We fall for fear, disguised as conditioned love.

So over time we silence that inner calling, tell half-truths, downplay our innate power, shrink within ourselves, and our soul withers away.

But I don’t believe we have to choose between ourselves and love.

This conditioned love is limiting both ourselves and the power love can give us.

It’s not liberated love.

Because true, liberated love is terrifying.

Because this love, in all its wonder, demands all of us. It wants us all in. This love wants us to be all of us, seen, and never settle. It’s intense, shakes you to your core, and also all-empowering.

It means we’re independently invincible as individuals AND confidently codependent in relationships.
It means we know we can love and be loved AND be the fullest expression of ourselves.
It means we’re worthy; in deserving love AND what we really desire.

But we’ve been taught our whole lives that we can’t possibly be the truest version of ourselves AND be loved. We’re taught it’s an either/or situation. You have to choose.

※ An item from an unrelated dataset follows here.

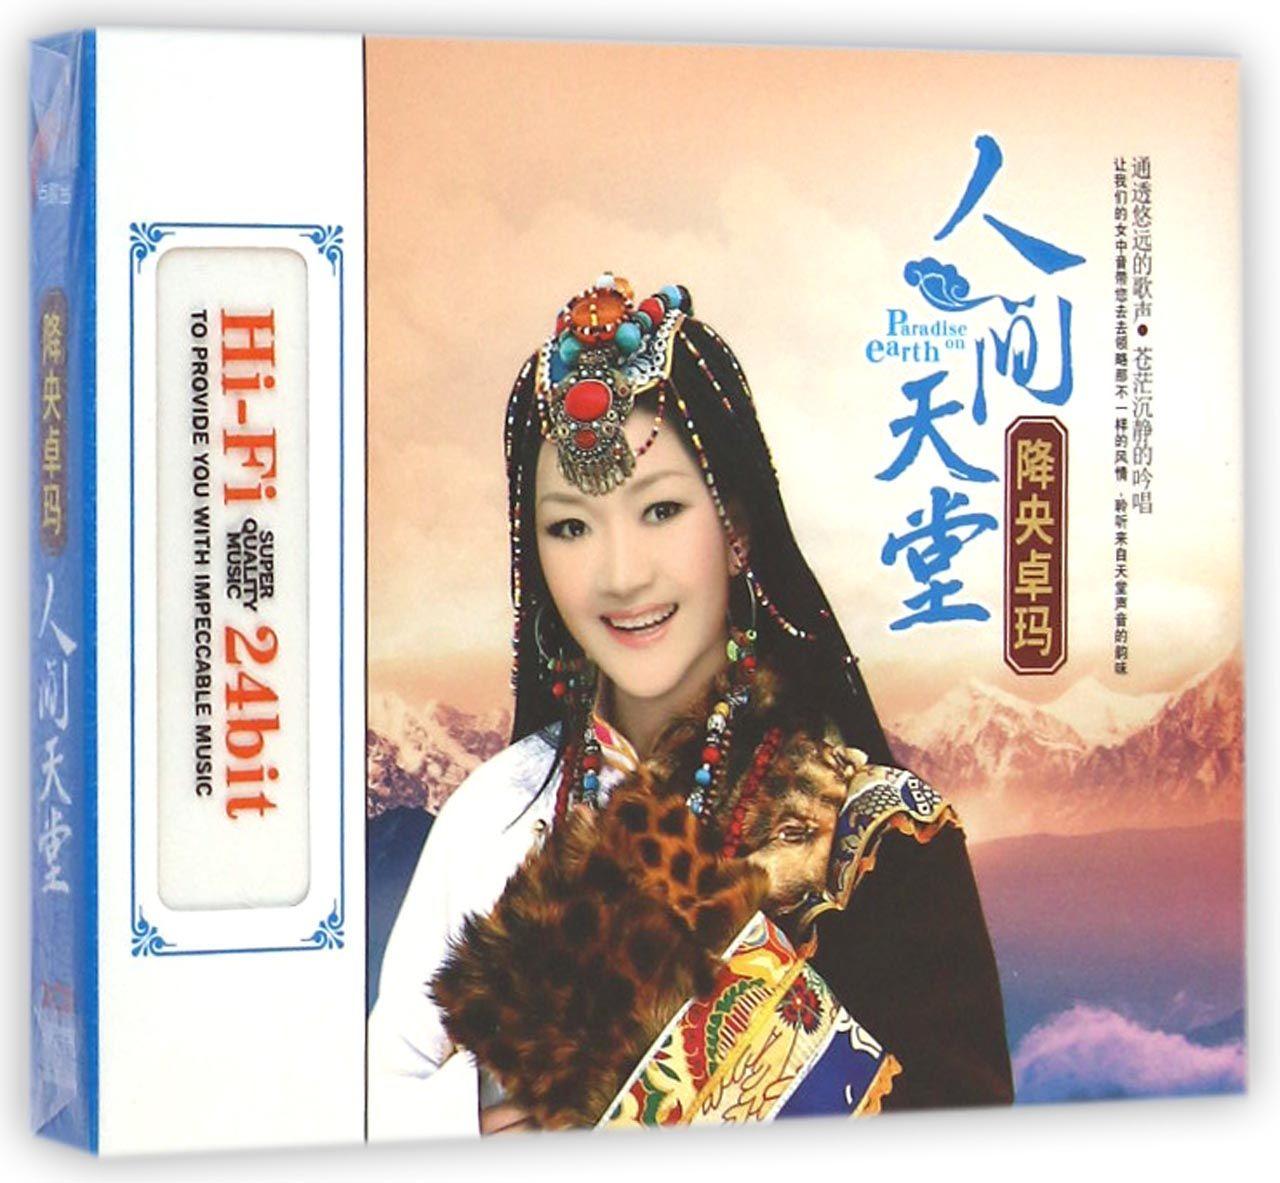 cd-hd降央卓玛人间天堂(3碟装)
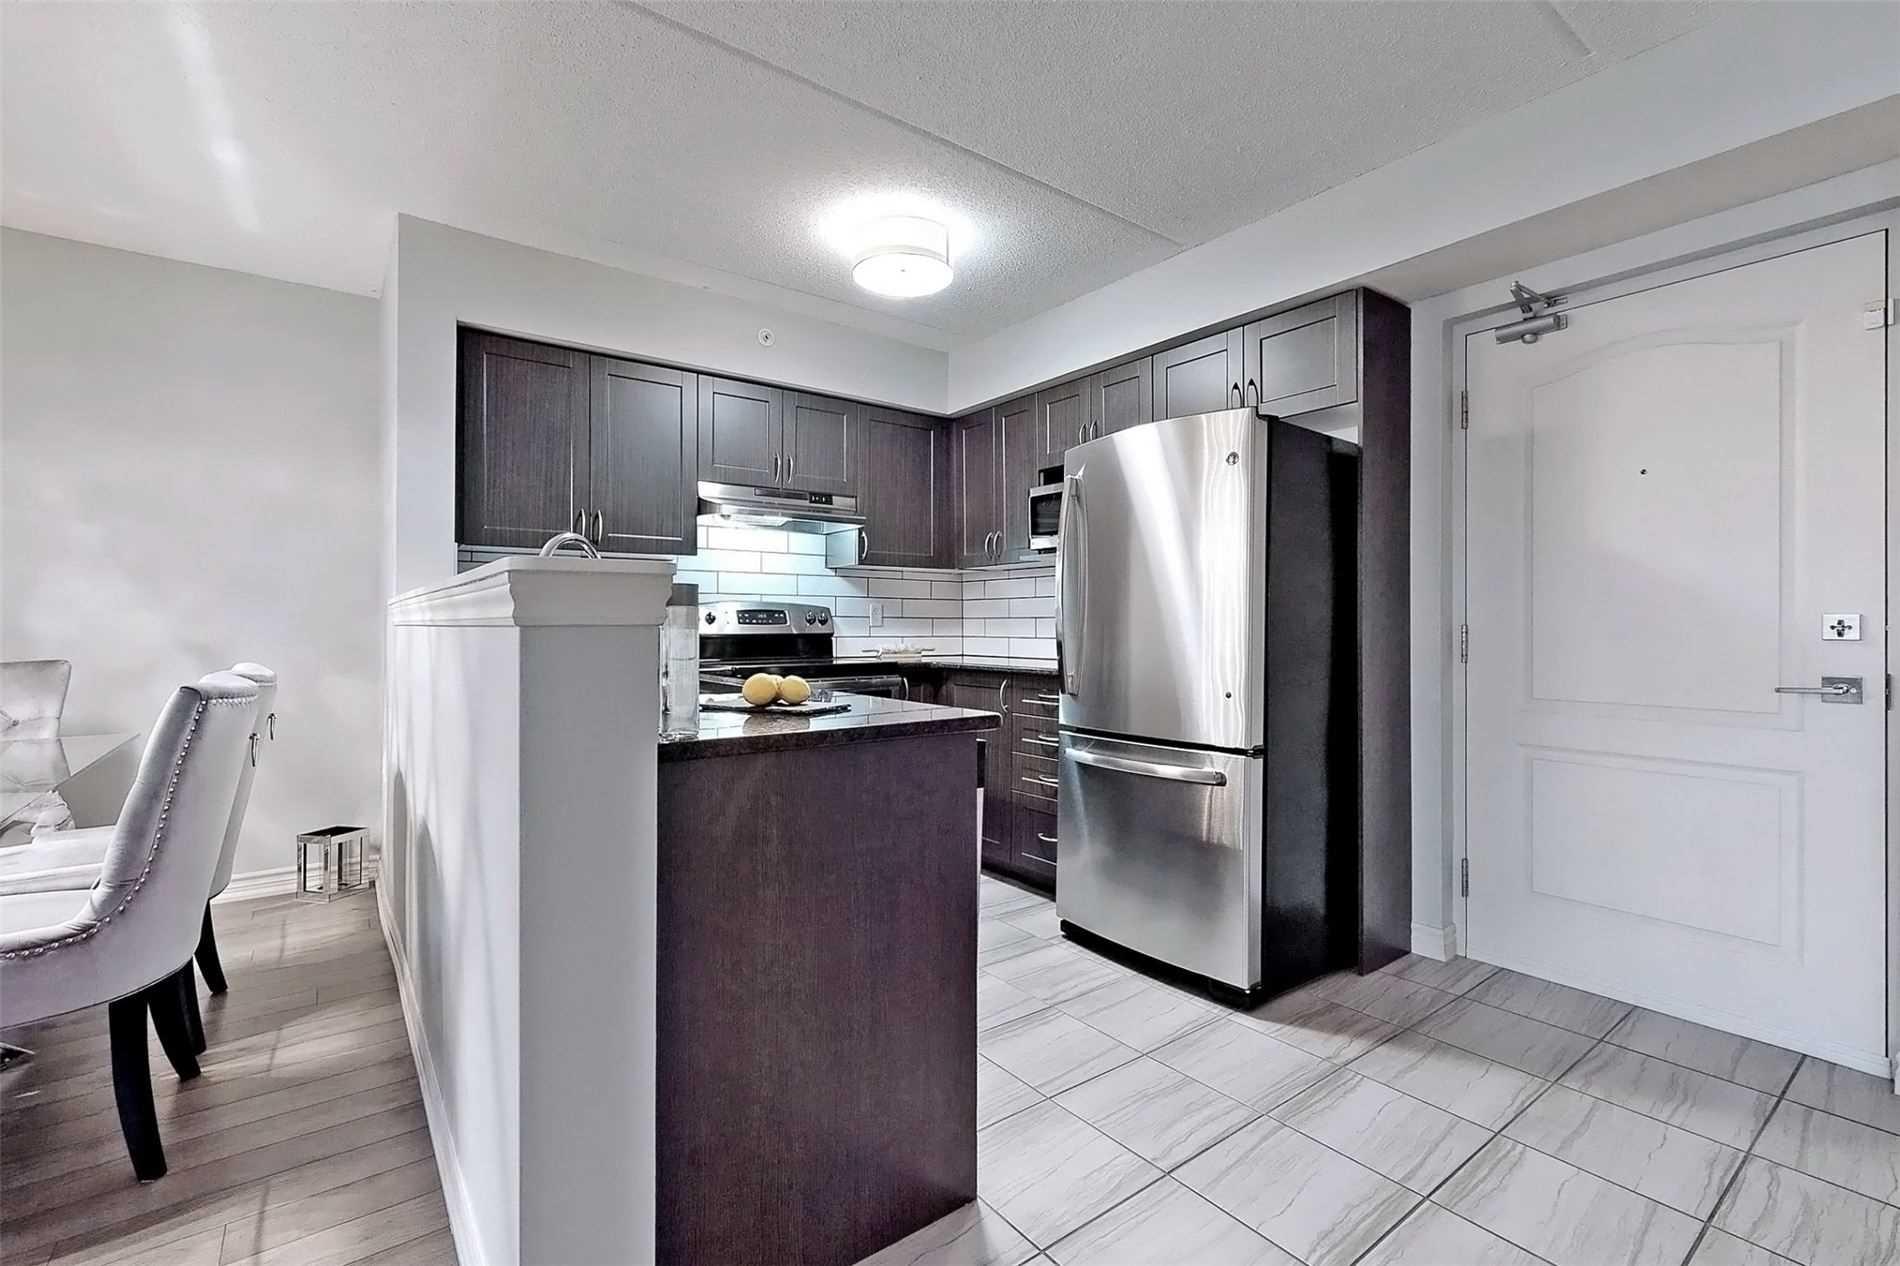 1460 Main St, Milton, L9T 8W5, 2 Bedrooms Bedrooms, ,2 BathroomsBathrooms,Condo Apt,For Sale,Main,W5087501

But I refuse to believe this.

We learn this lie from the world. So I want to accumulate proof that I can be that messy, complicated, wanting, big, powerful, fully expressed version of myself AND for my love story to be my greatest story. It’s scary and I’m constantly learning, but it’s both deeply peaceful and powerful and I wouldn’t have it any other way anymore. I have to keep coming back to an unshakable place within myself.

Because the way we love is the way we live.

Once you clearly and confidently know who you are, then you won’t hold yourself back in exchange for love anymore – which empowers you to play bigger in all areas of your life.

So this work, this change, this new level of love and ourselves doesn’t start with them or fighting what frustrates us. It starts with us.

Imagine if it stopped being normal for us to ignore our gut feelings, silence our inner voice, and hold back our own powerful soul in love. Just think of what your relationship, your life, your impact on others would be like if we loved liberated… just how powerful that would be.

Because as a client said to me this week about the opposite; it’s both boring and tiring.

It’s boring and tiring to not be free to be you.
It’s boring and tiring to hide who you are and what you truly want.
It’s boring and tiring to always small talk and never talk about the stuff that really matters to our hearts.
It’s boring and tiring to constantly overthink everything, worry all the time, and stay stuck in your head.
It’s boring and tiring to be “proper” and “good”.
It’s boring and tiring to play by the rules all the time.
It’s boring and tiring to not explore sexually, to not be physically intimately vulnerable, and to not feel chest-heaving, sigh-worthy satisfied.
It’s boring and tiring to care so much about what they think.
It’s boring and tiring to hold on so damn tight.
It’s boring and tiring to be unable to creatively express yourself.
It’s boring and tiring to constantly strive for perfection and never put anything out into the world.
It’s boring and tiring to deny ourselves pleasure, power, passion.
It’s boring and tiring to keep everyone else so comfortable while your own body is saying something is off.

And it’s boring and tiring to be boring and tiring.

We all know a person who hints at what it would be like to be worthy of love and be fully themselves. They’re carefree, radiant, trusting their gut, passionate, living in the moment, have endless energy, fiery, flowing love, and full of life. They ooze freedom and presence. They’re grounded in who they are. They’re magnetic. They change the world, maybe just a little bit.

There’s that version of yourself within yourself right now.

Think of if that were you; the un-held back version of yourself who isn’t afraid of losing love… how would it feel, how would you show up, how would your life change?

If you never meet yourself, then you’ll never feel safe to be yourself.

Let your energy be stronger than anyone else’s, tap into your power, speak your truth.

The truer to yourself you become, the more love the world has for you… in all its forms.

Let’s change the way we’re conditioned for love so we can live liberated as a whole.